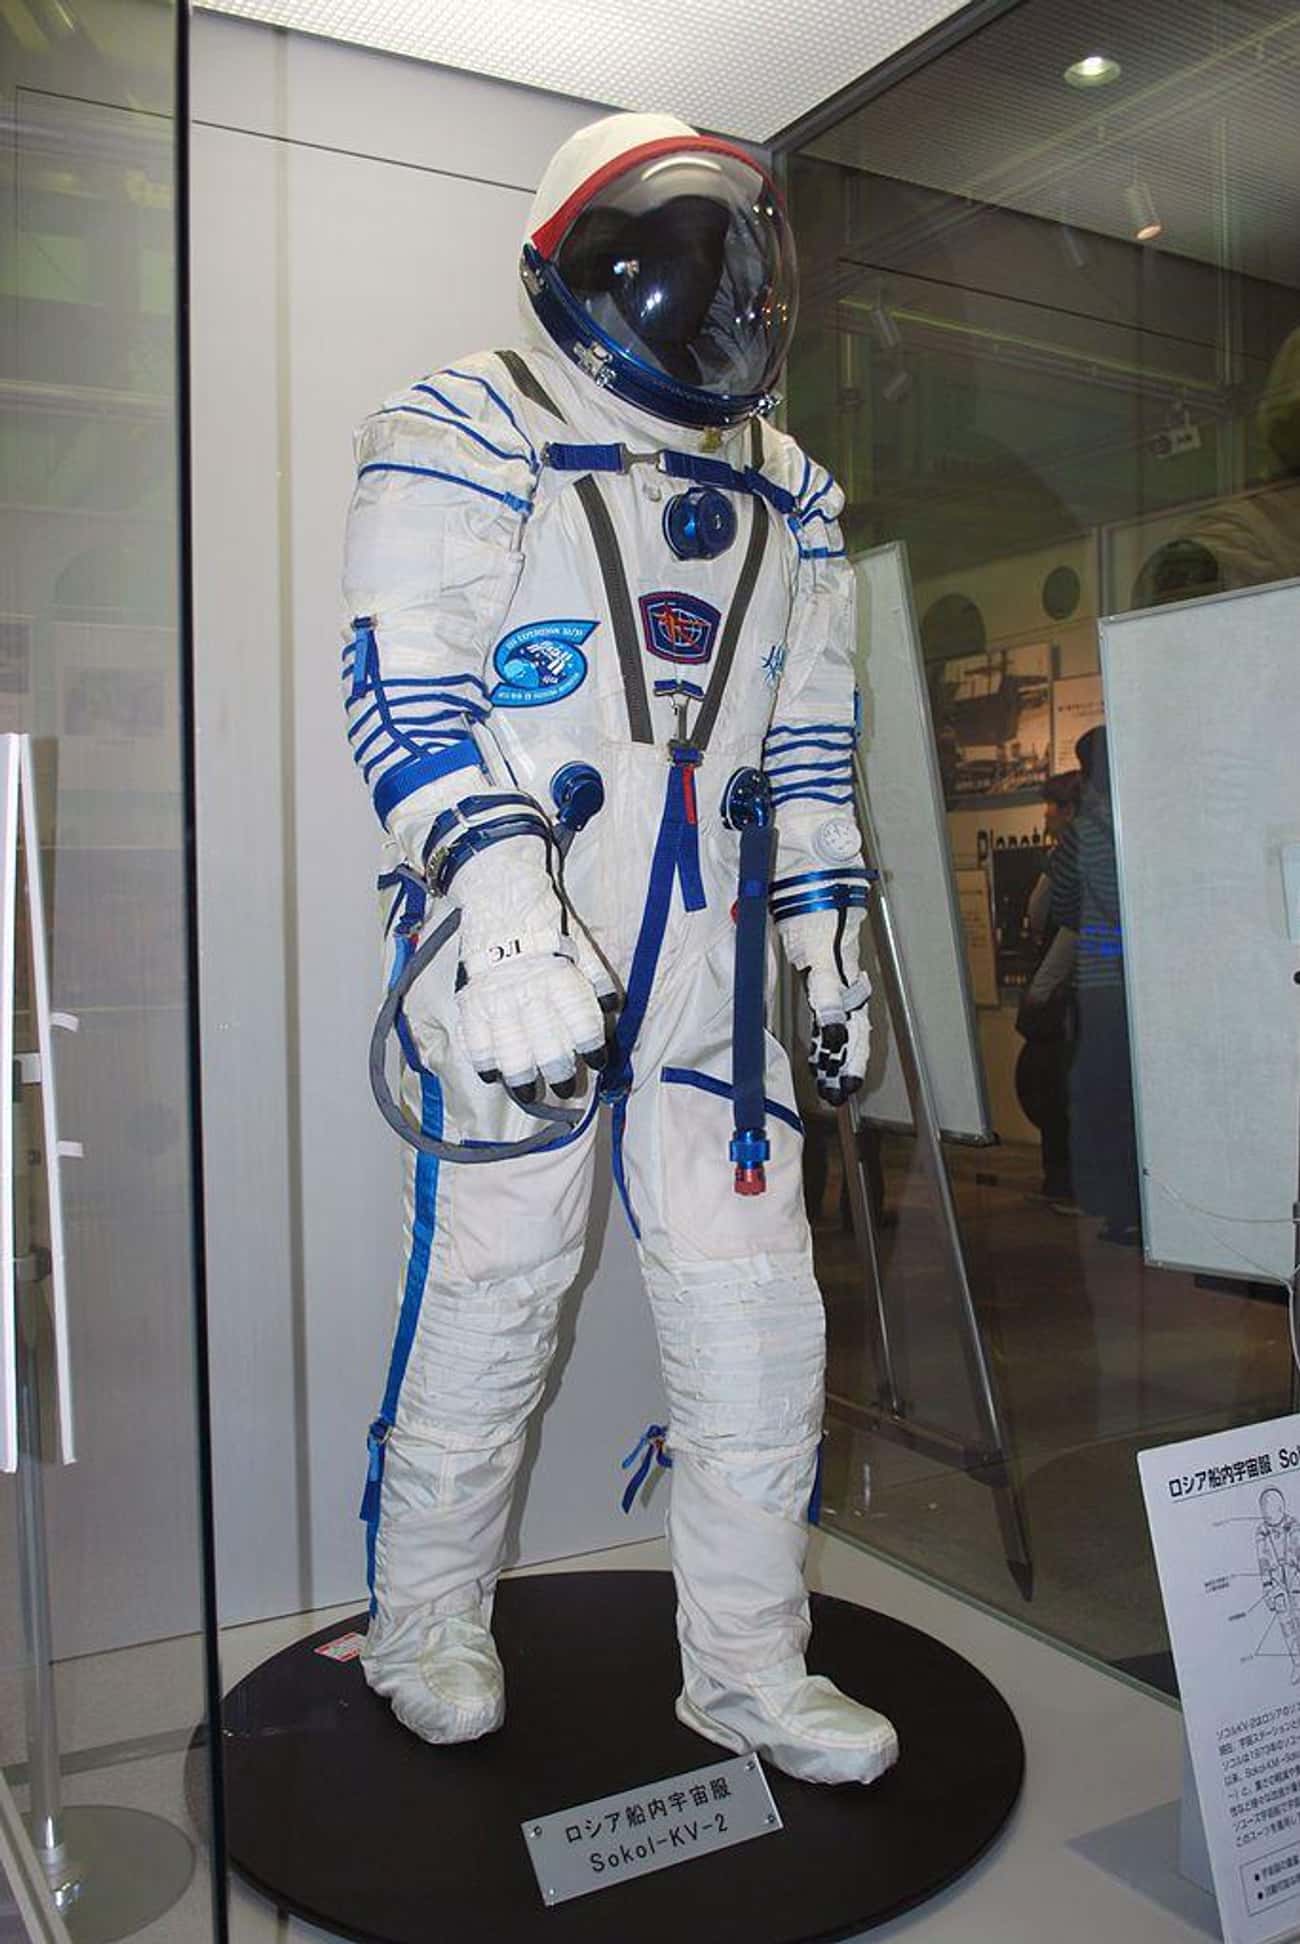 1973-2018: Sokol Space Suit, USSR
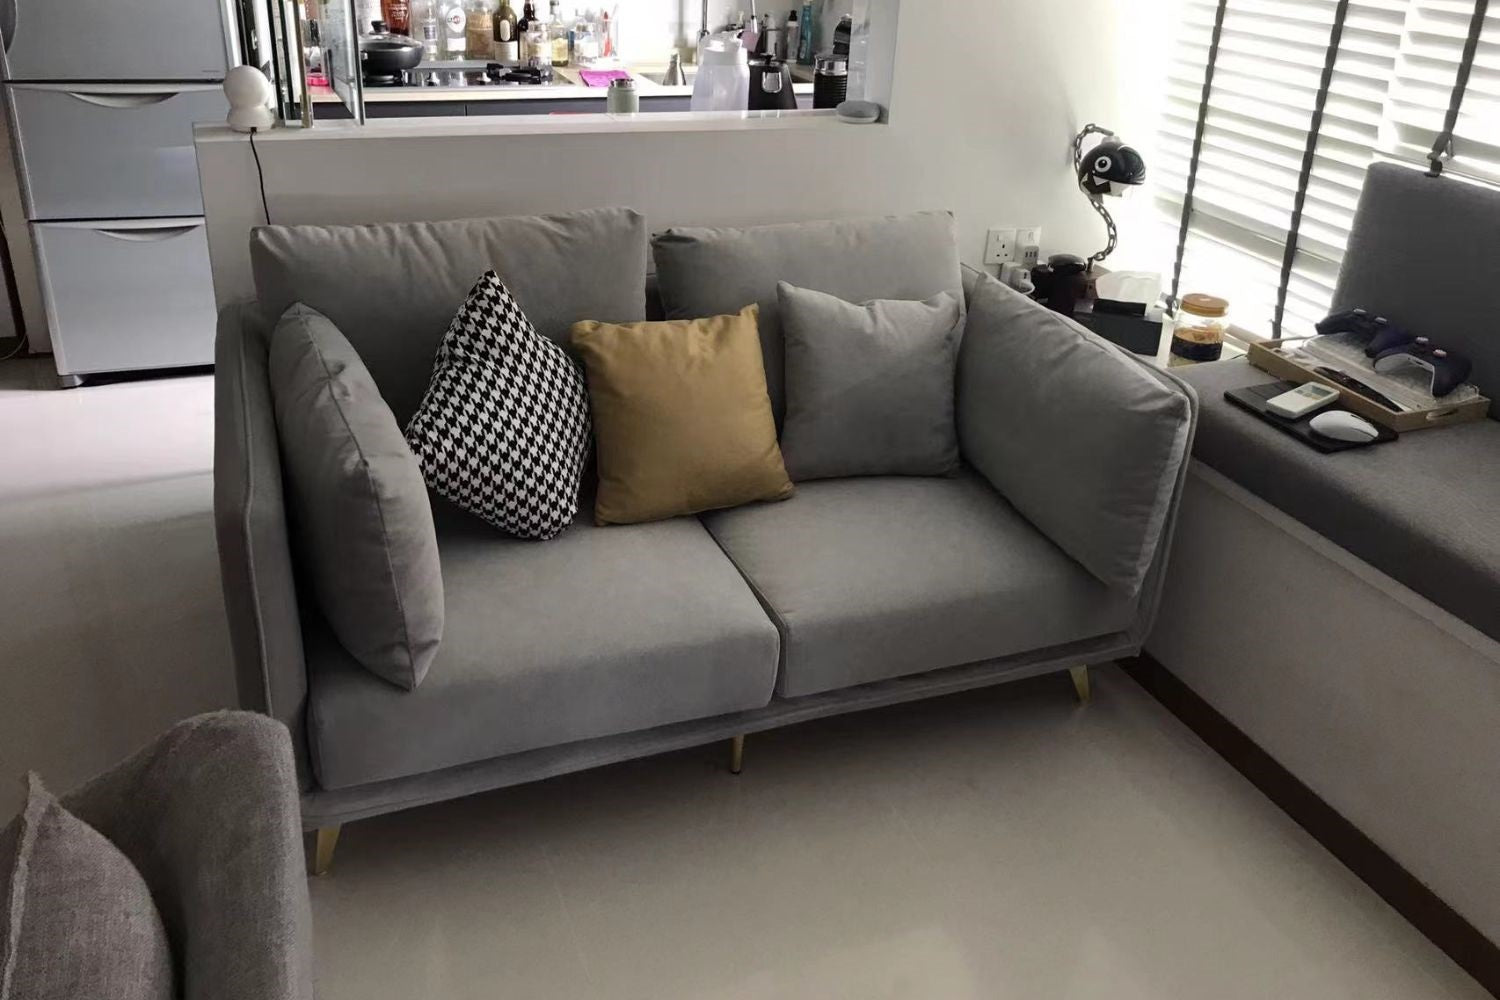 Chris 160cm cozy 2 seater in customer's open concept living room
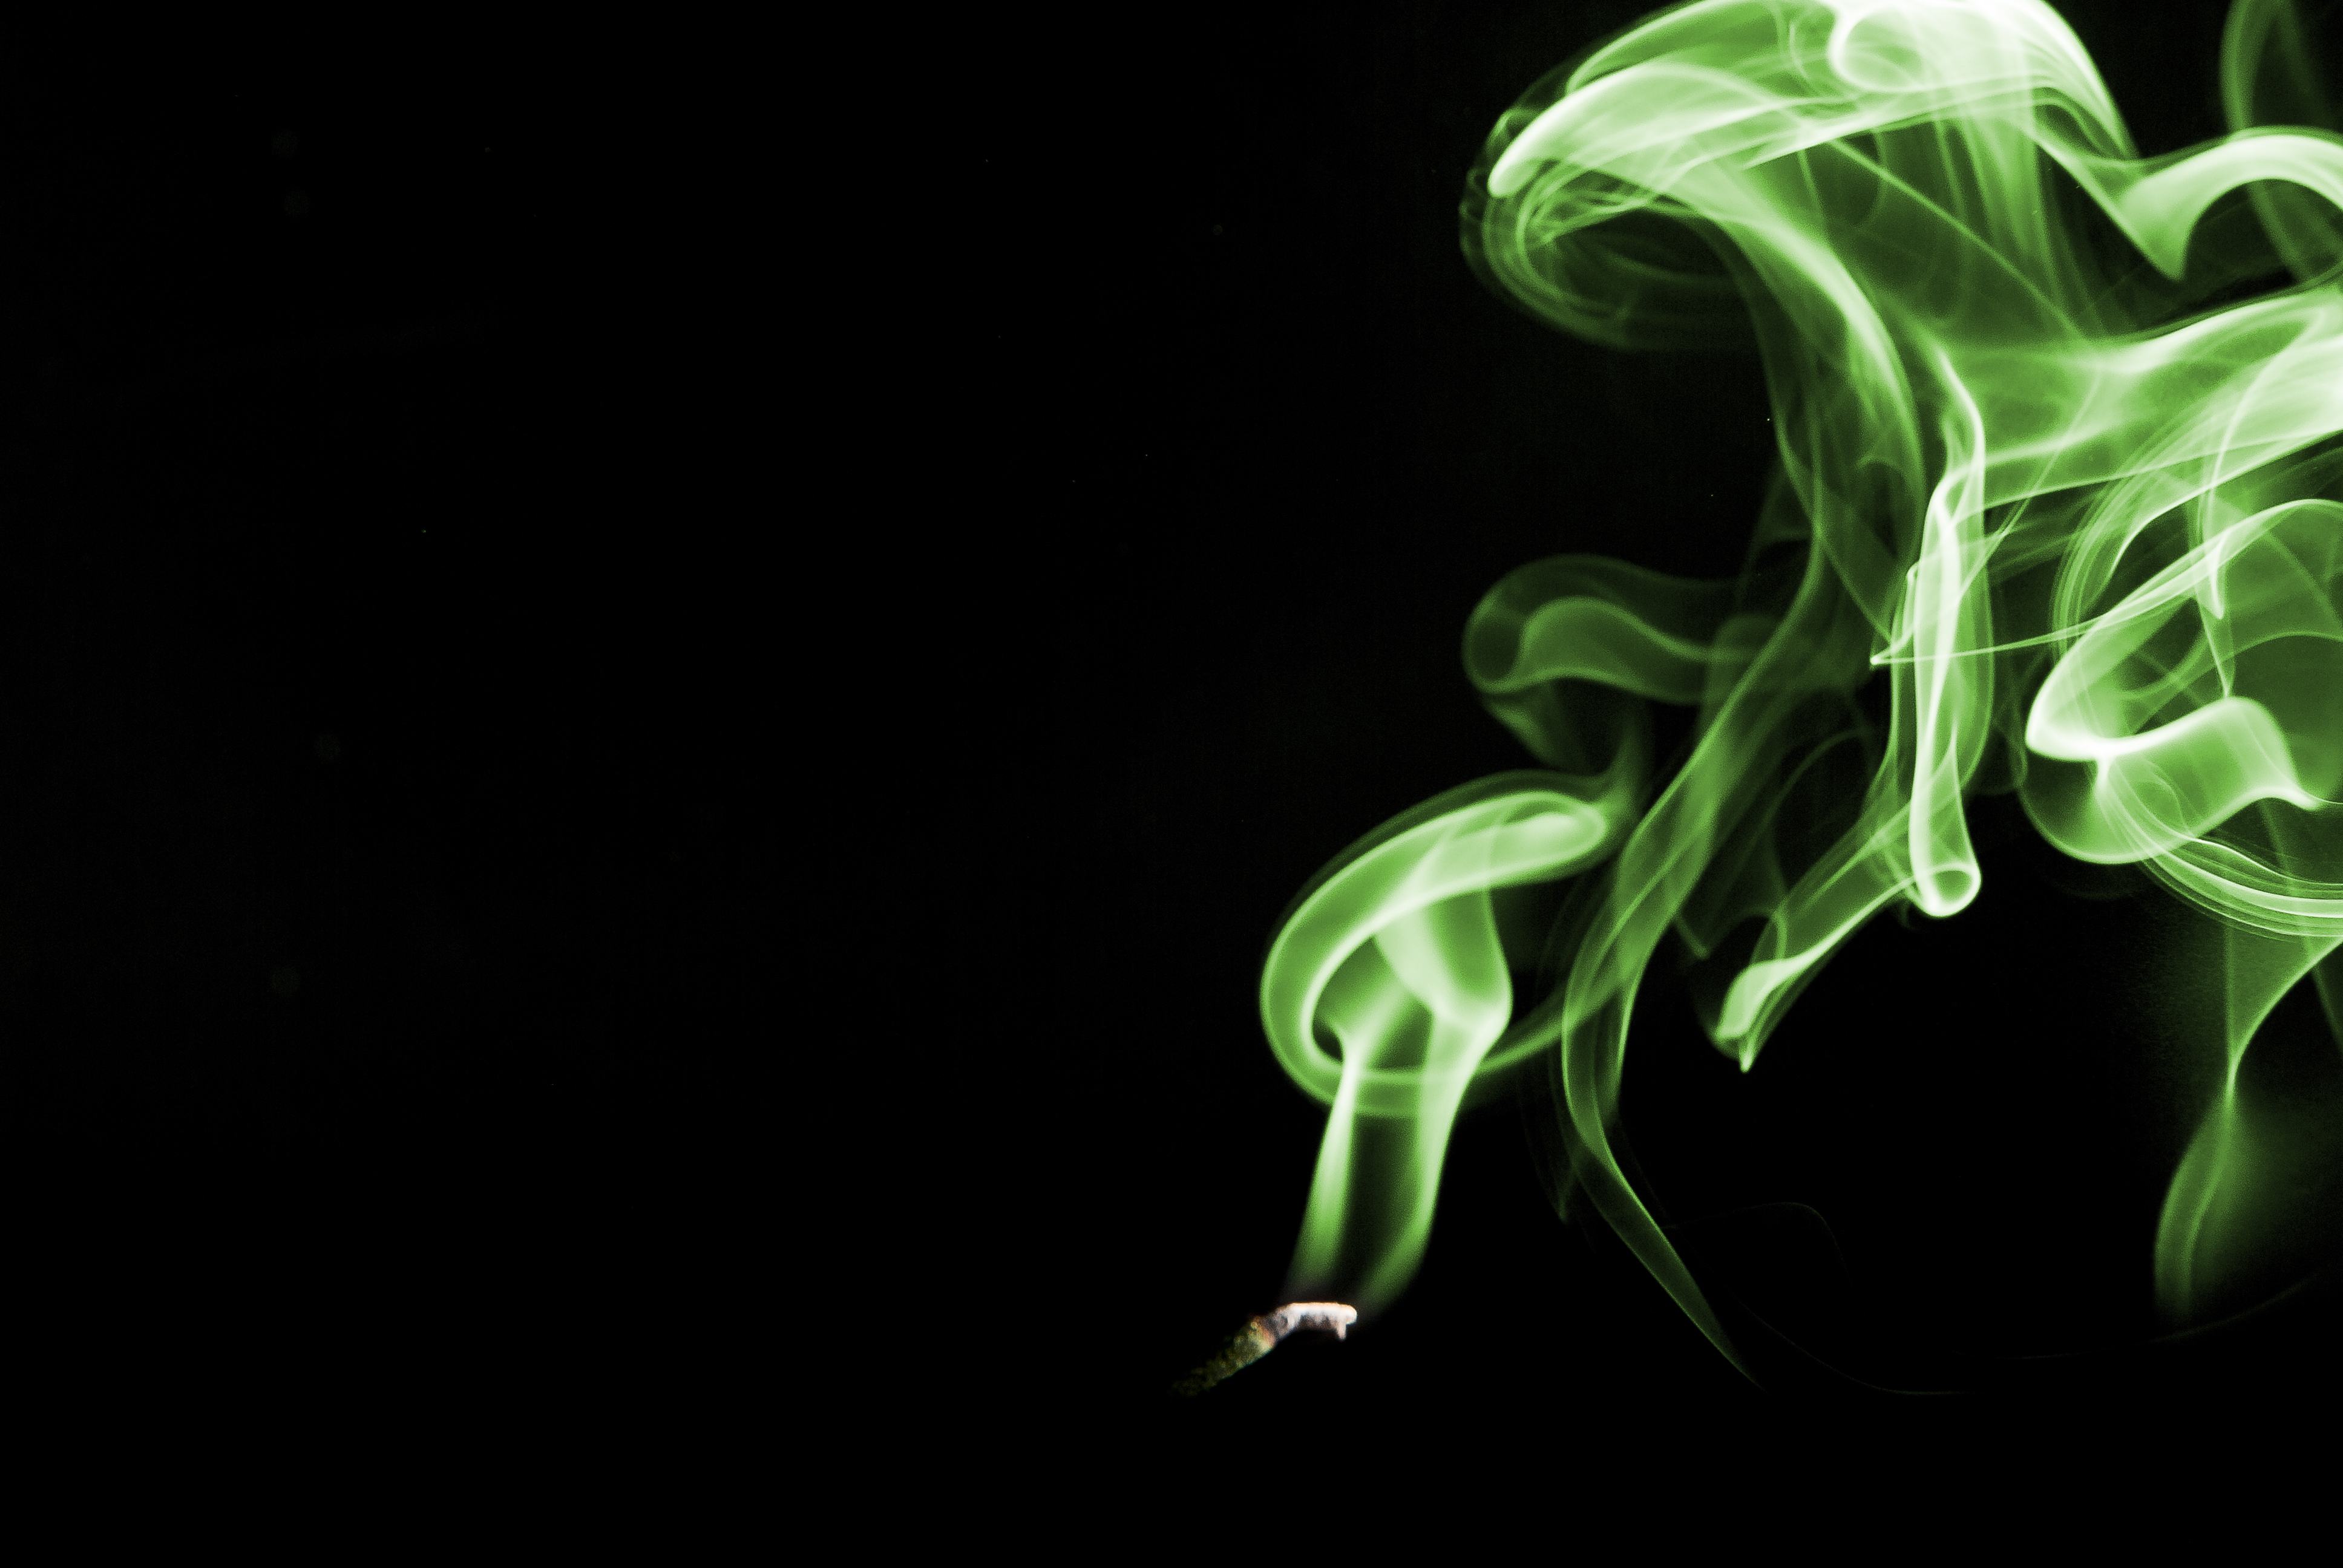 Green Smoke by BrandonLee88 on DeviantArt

*Task statement*
From the line containing "Chris 160cm cozy" down to the end of the data above, reproduce each line exactly; no pictures.

*Exercise response*
 Chris 160cm cozy 2 seater in customer's open concept living room
 Green Smoke by BrandonLee88 on DeviantArt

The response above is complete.